Но чем дальше я подвигаюсь в моей работе, тем больше убеждаюсь, что некоторые факты, в которых я принимал близкое участие в течение известного периода моей жизни, имеют важное значение, хотя и относятся к самым обыкновенным обстоятельствам в жизни человека. Не думаю, чтобы я когда-либо позабыл о них. Если же мне будет грозить забвение, то существует другое лицо, имевшее такое же близкое отношение к этим фактам, как и я, может быть, даже еще более близкое, и оно поможет мне припомнить их. Правда, что вот уже несколько лет, как мы не говорили друг с другом об этих фактах. Время от времени, с помощью намеков, мы удостоверяемся, что они сохранились в нашей памяти. Но дальше этого мы не идем. Не время разбирать теперь, почему мы проявляем такую сдержанность.

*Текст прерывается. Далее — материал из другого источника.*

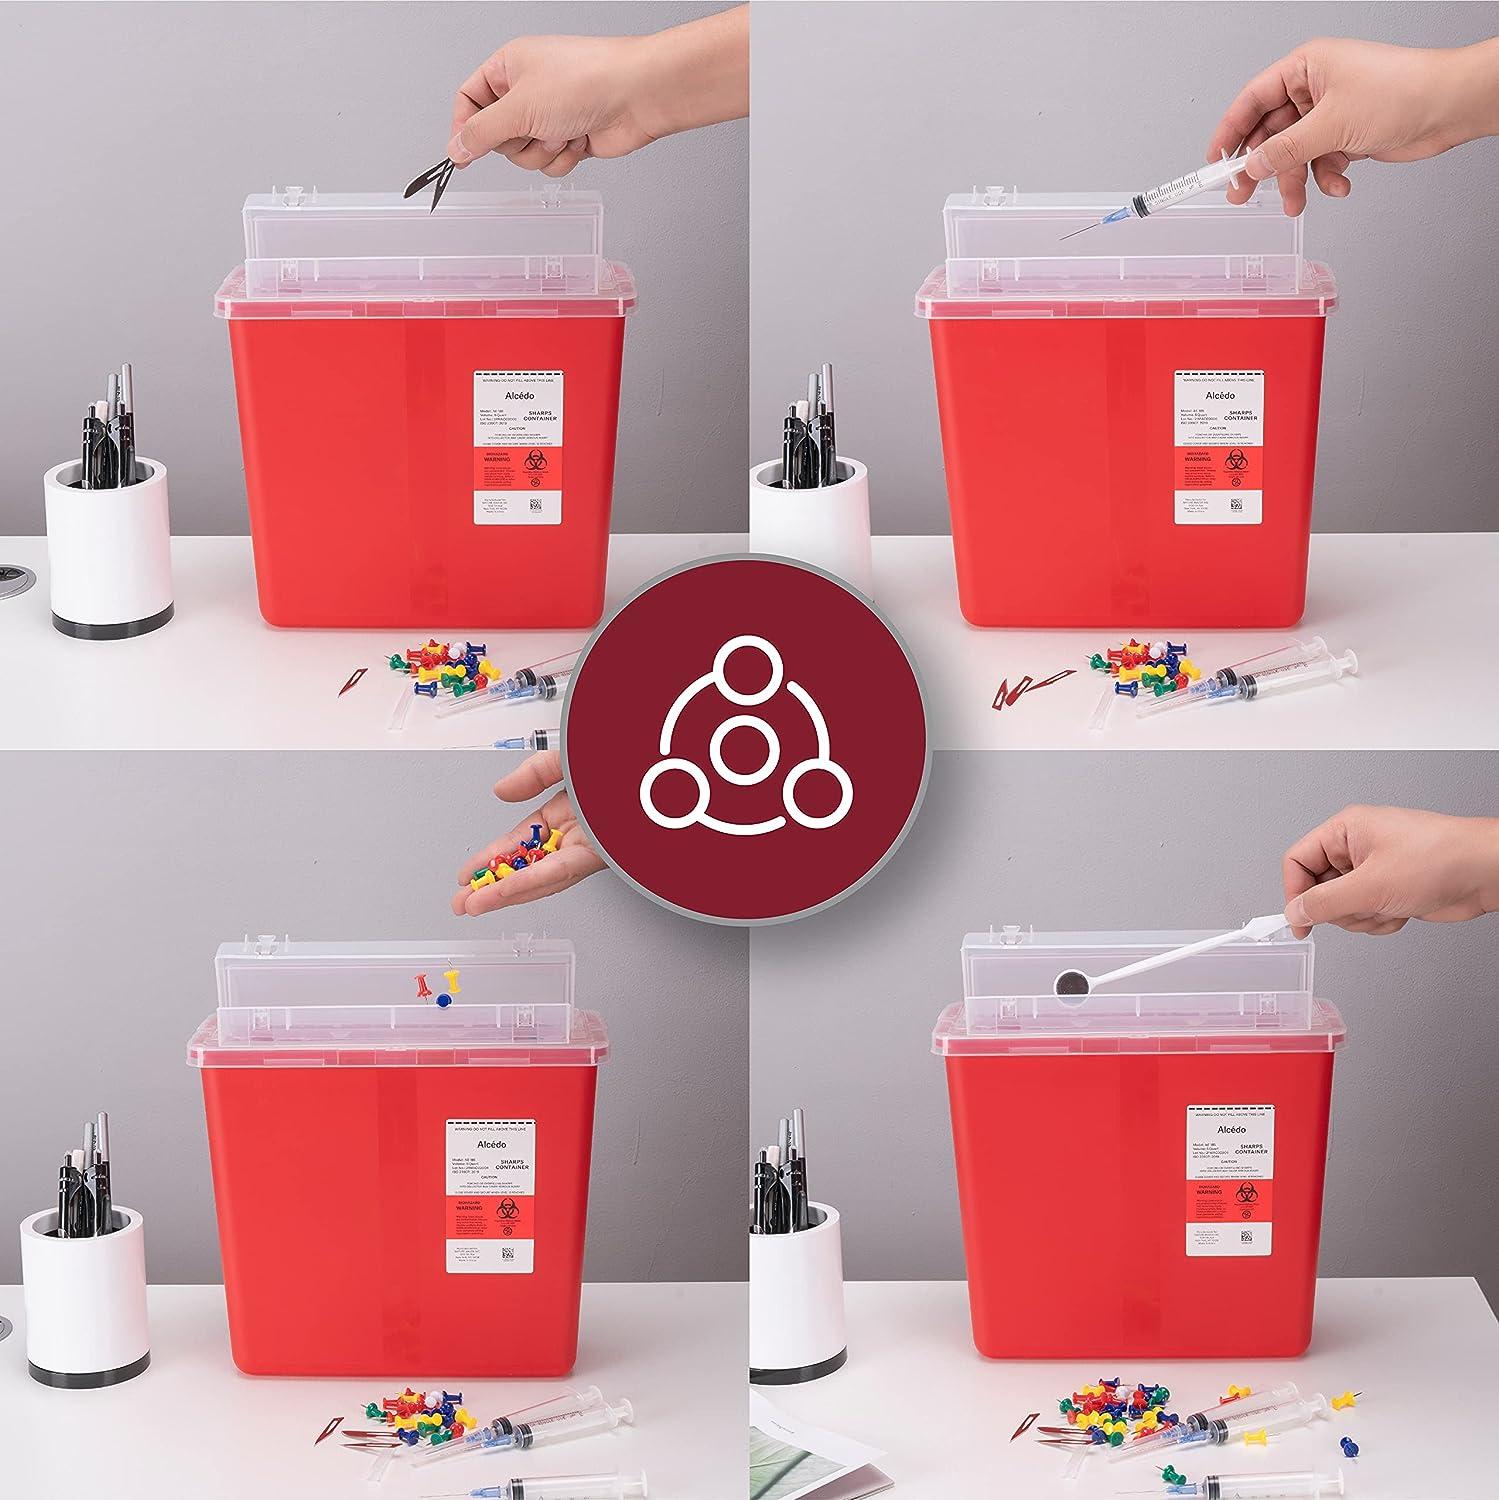 Alcedo Sharps Container for Home Use 2 Gallon 2-Pack Biohazard Nee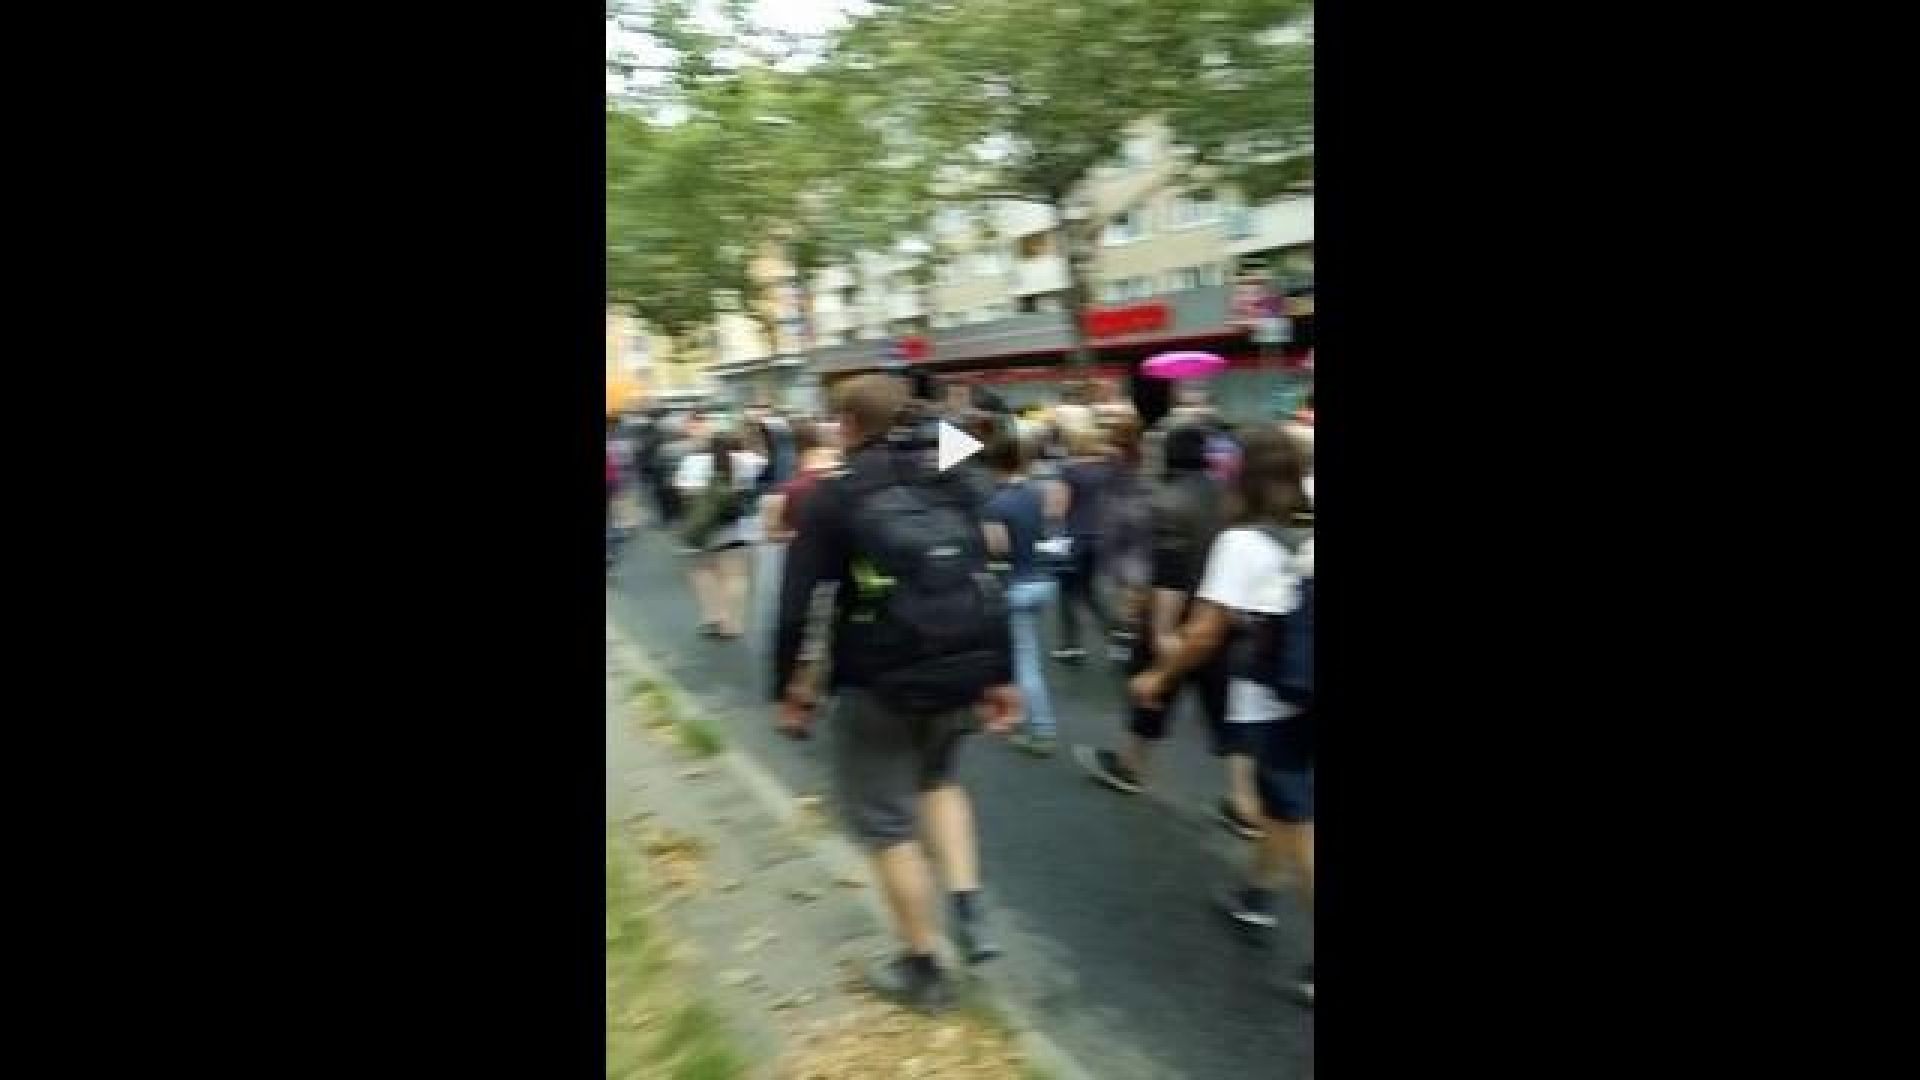 Berlin: German Protest Groups Unite, Despite Police Efforts to Keep Them Separated - Part 1

Впрочем, для меня вопрос заключается не в том, чтобы уберечь их от забвения. Я не озабочен ни тем, чтобы передать их, ни даже тем, чтобы точно их установить. Я просто хочу представить себе их с возможной полнотой и знать окончательно, как следует относиться к ним.

Я уже сказал, что они мне кажутся важными. Говорю я так не потому, что они принадлежат к моему прошлому, а также и не потому, что когда-то они волновали меня. Я не играю словами. Я прекрасно знаю, что, например, воспоминание о скамейке в саду, на которой десять лет тому назад сидел человек, может приобрести необыкновенную рельефность, волновать его каждый раз все более и более, стать для него источником мыслей, по его мнению, очень возвышенных, и образовать в конце концов в алгебре его души знак, выражающий самые высокие ценности. Я знаю также, что в литературе талант писателя нередко сводится к уменью заинтересовать читателя расшифровкой подобных знаков.

Сам я становлюсь на другую точку зрения. Не отрицаю, что упомянутые факты приобрели ценность, имеющую интерес только для меня. Но полагаю, что им присуща и иная ценность.

II

В последующем я буду играть двойную роль, — во-первых, участника или свидетеля событий, о которых будет идти речь, во-вторых, автора повествования. Таким образом, мой личный коэффициент будет проявляться постоянно, подчас незаметно для меня. Поэтому небезынтересно взглянуть, что я за человек.

Это все равно, что составить своего рода фишку. Но я нуждаюсь в образце для такой фишки. Я не намерен рисовать свой портрет и услужливо позировать перед зеркалом. Мне хотелось бы только дать полезные указания. Но чем мне в этом руководствоваться?

Я думаю, что удобнее всего формулировать эти разнообразные указания в настоящем времени: я такой-то и такой, у меня такие-то особенности… Под этим не нужно подразумевать, что эти черты кажутся мне верными как раз по отношению к текущему моменту. Наоборот. Я убежден, что время, да и обстоятельства, о которых я буду рассказывать, подвергли некоторые из них изменениям.

Но если я, правильно или ошибочно, считаю эти черты прирожденными мне и, так сказать, коренными, то это моя манера выражать свои мысли. Значит, если они изменились, то не без сопротивления.

III

Выше я говорил о себе, насколько это было возможно, в общих чертах. Когда я указывал на какую-нибудь черту своего характера, я выбирал ее потому, что она казалась мне выражающей прочную тенденцию, причем меня совершенно не интересовало, в какой период моей жизни она ярче всего проявлялась.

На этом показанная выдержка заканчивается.